**YOUR ASSIGNMENT:** Write out each line of the listing as it stands, without the images.

**INFORMATION PROVIDED:**
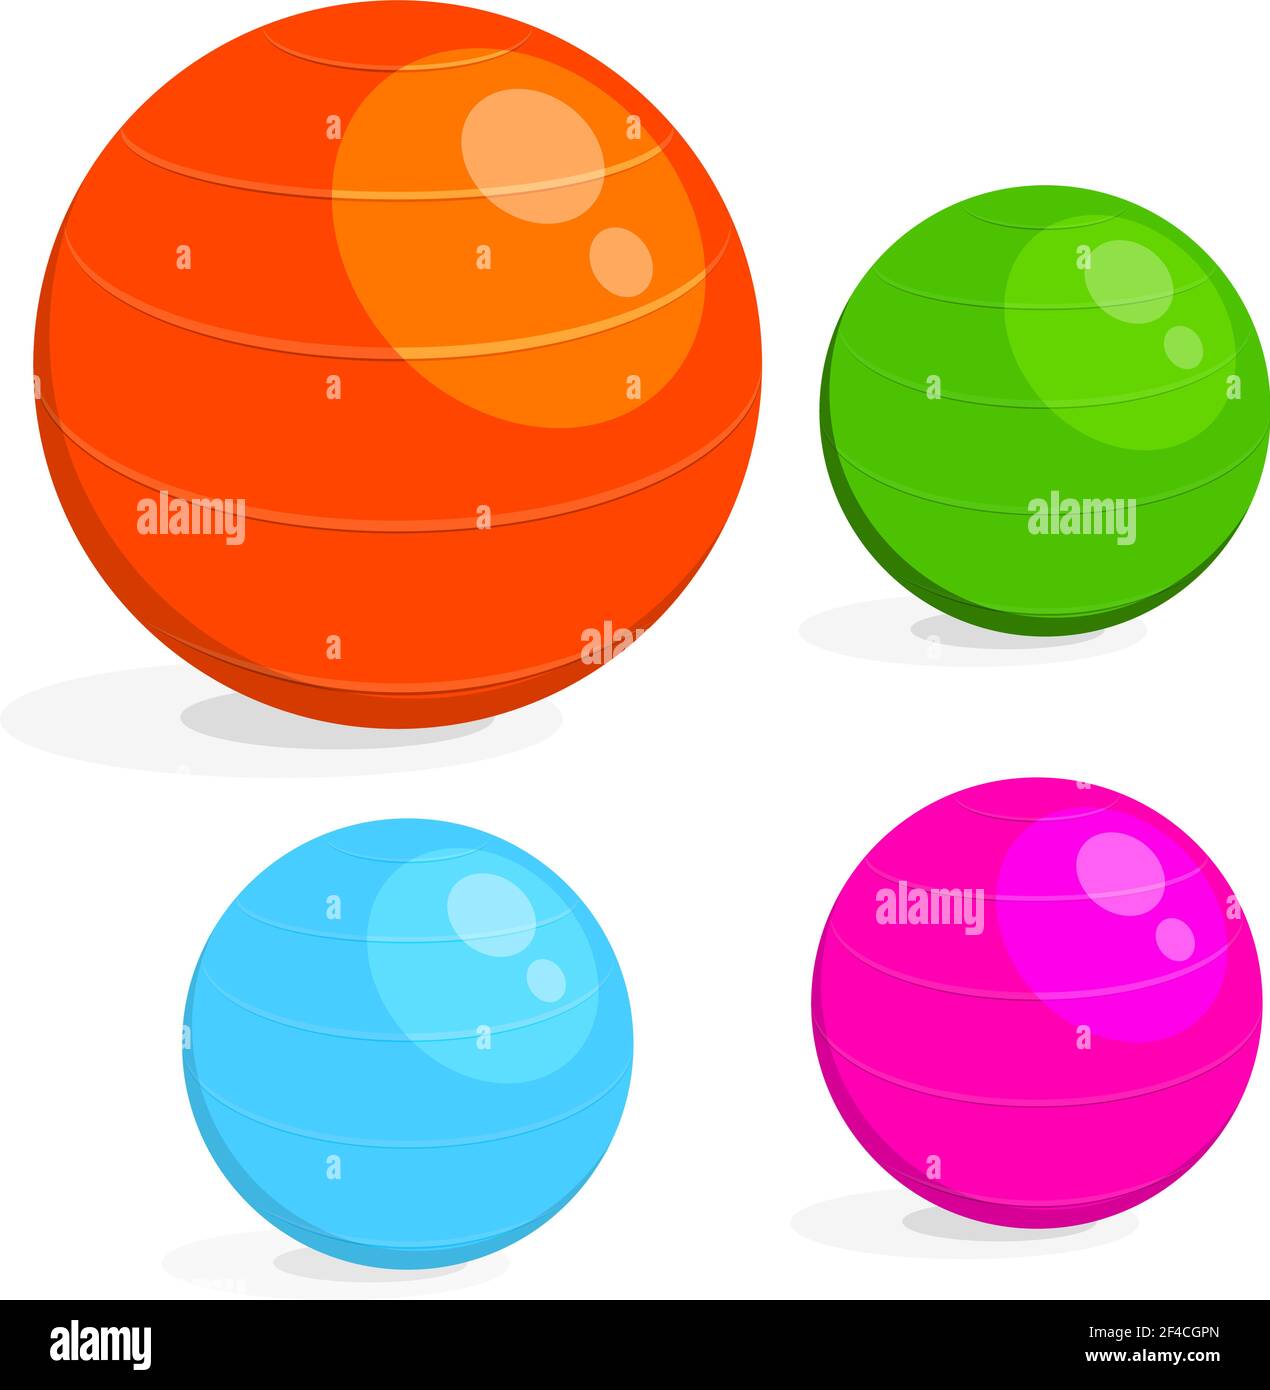 Ensemble d'images de dessin animé de la balle pour la forme physique. Dessin coloré de la fitball d'équipement de sport sur un fond blanc. Illustration vectorielle Illustration de Vecteur
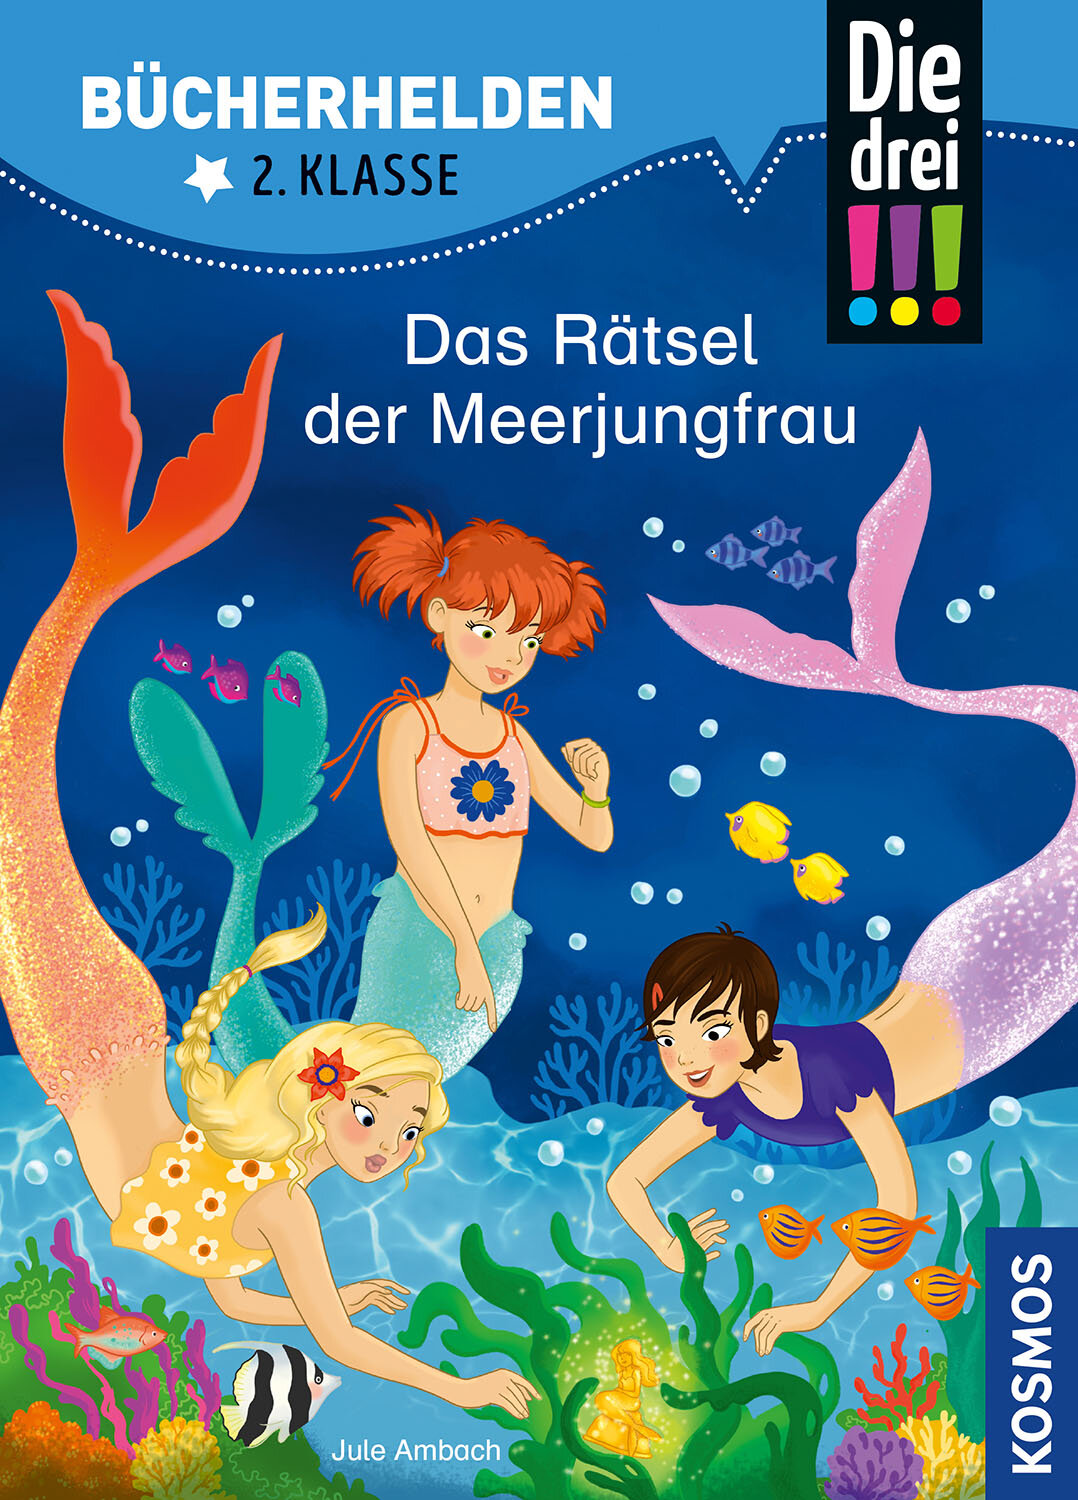 Das Rätsel der Meerjungfrau Die drei Ausrufezeichen Bücherhelden 2. Klasse
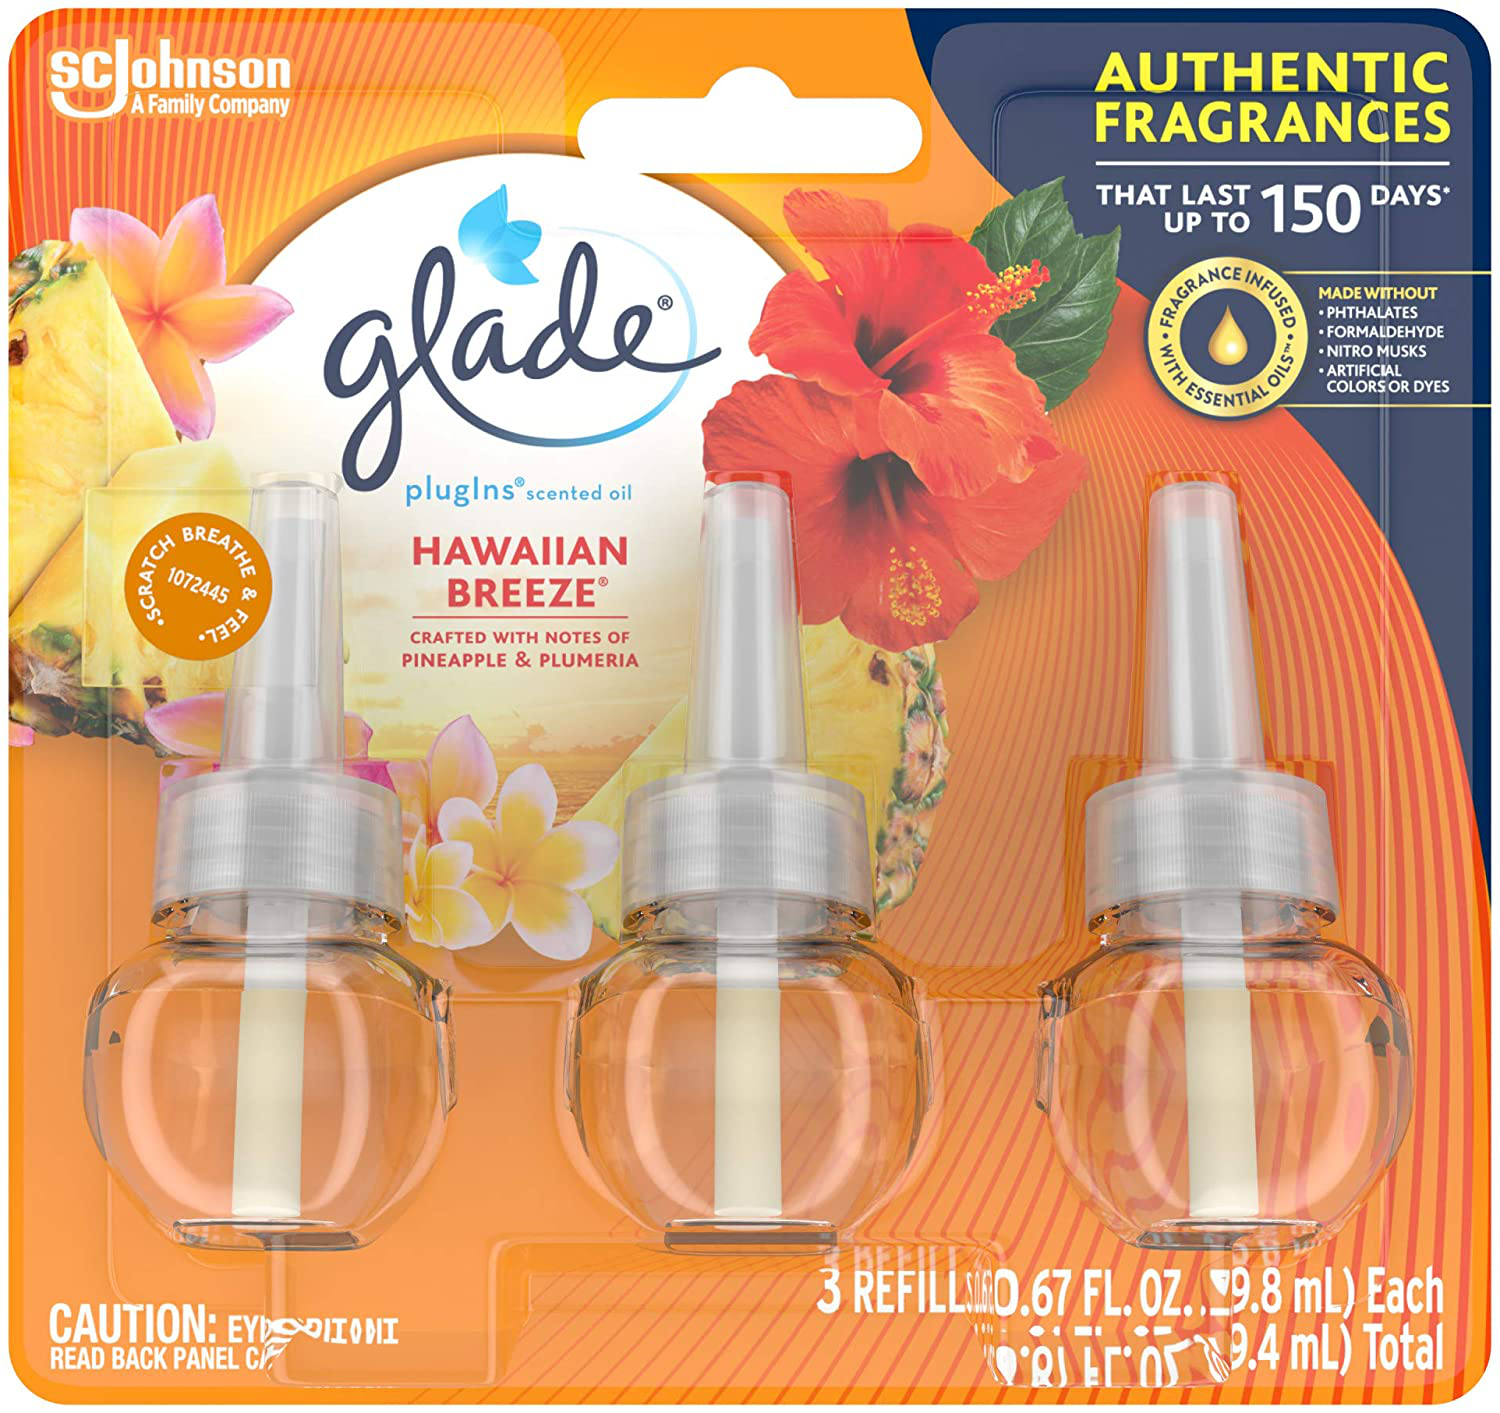 Glade PlugIn Plus Air Freshener Starter Kits or Refills
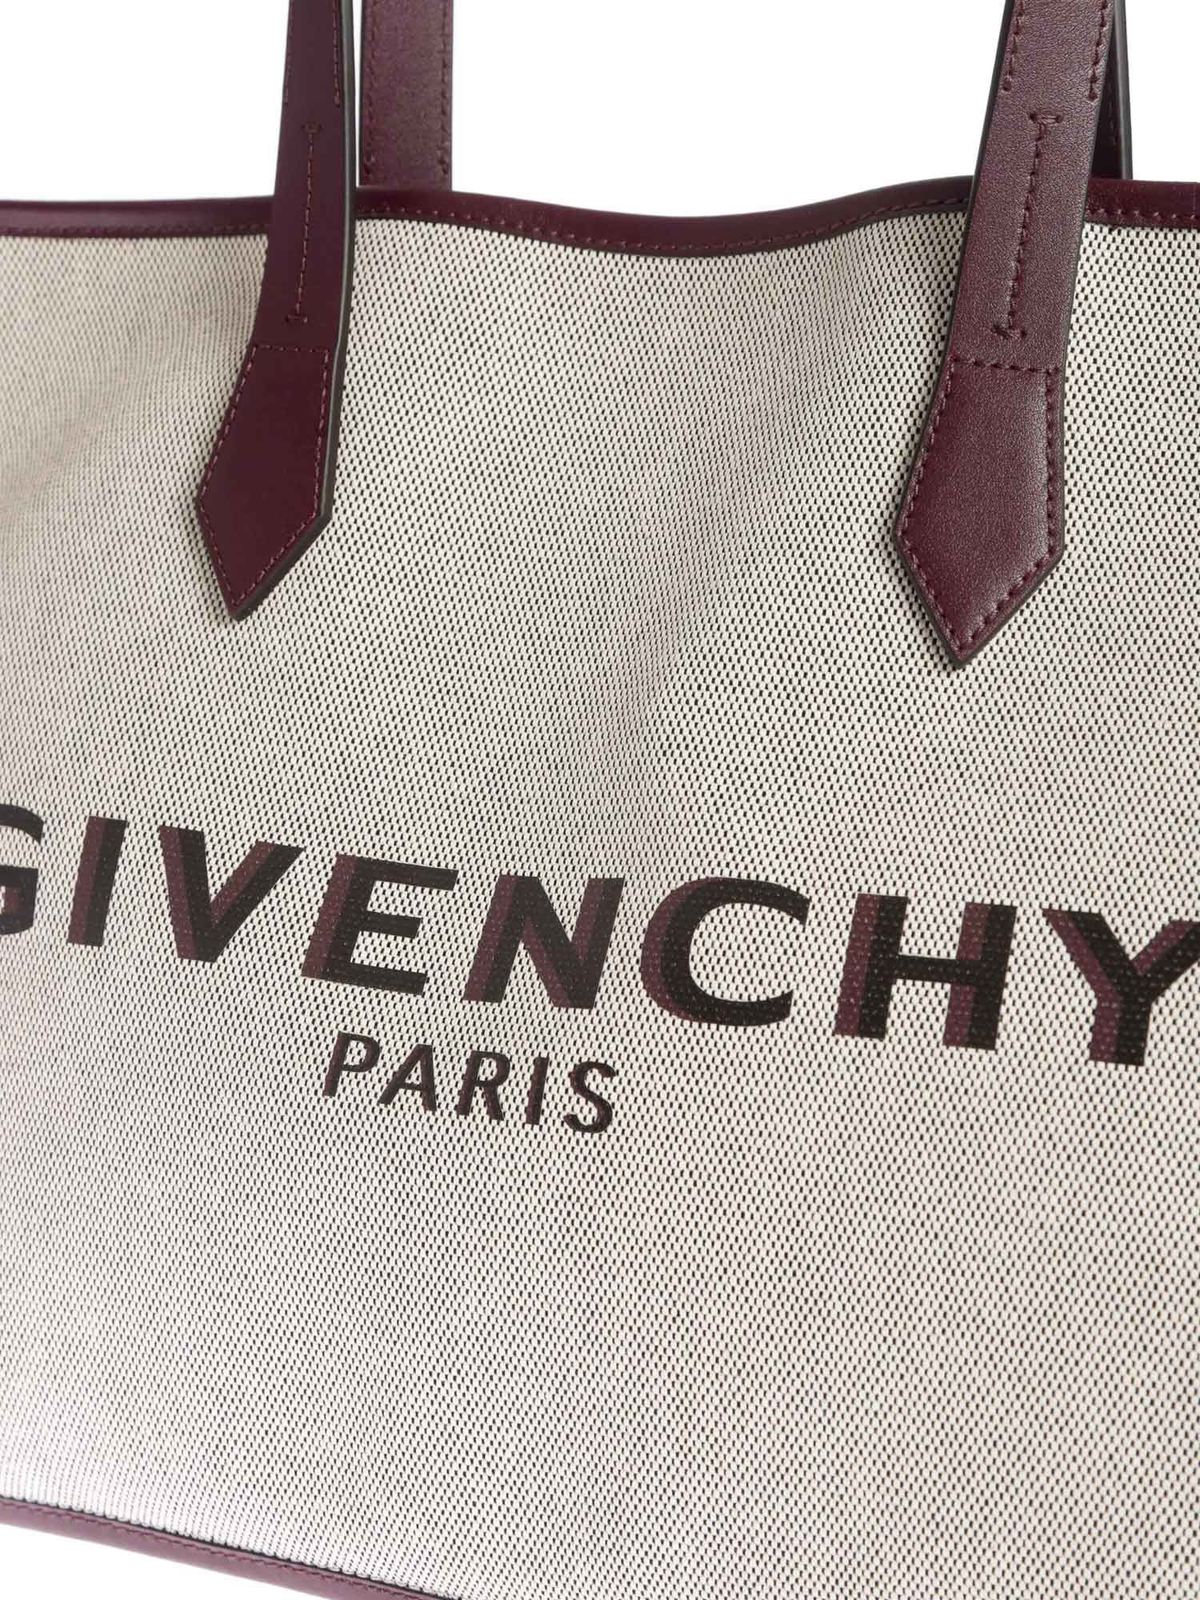 Givenchy Medium Tote Bag in Grey

**TASK ANSWER:**
 Ensemble d'images de dessin animé de la balle pour la forme physique. Dessin coloré de la fitball d'équipement de sport sur un fond blanc. Illustration vectorielle Illustration de Vecteur
 Das Rätsel der Meerjungfrau Die drei Ausrufezeichen Bücherhelden 2. Klasse
 Glade PlugIn Plus Air Freshener Starter Kits or Refills
 Givenchy Medium Tote Bag in Grey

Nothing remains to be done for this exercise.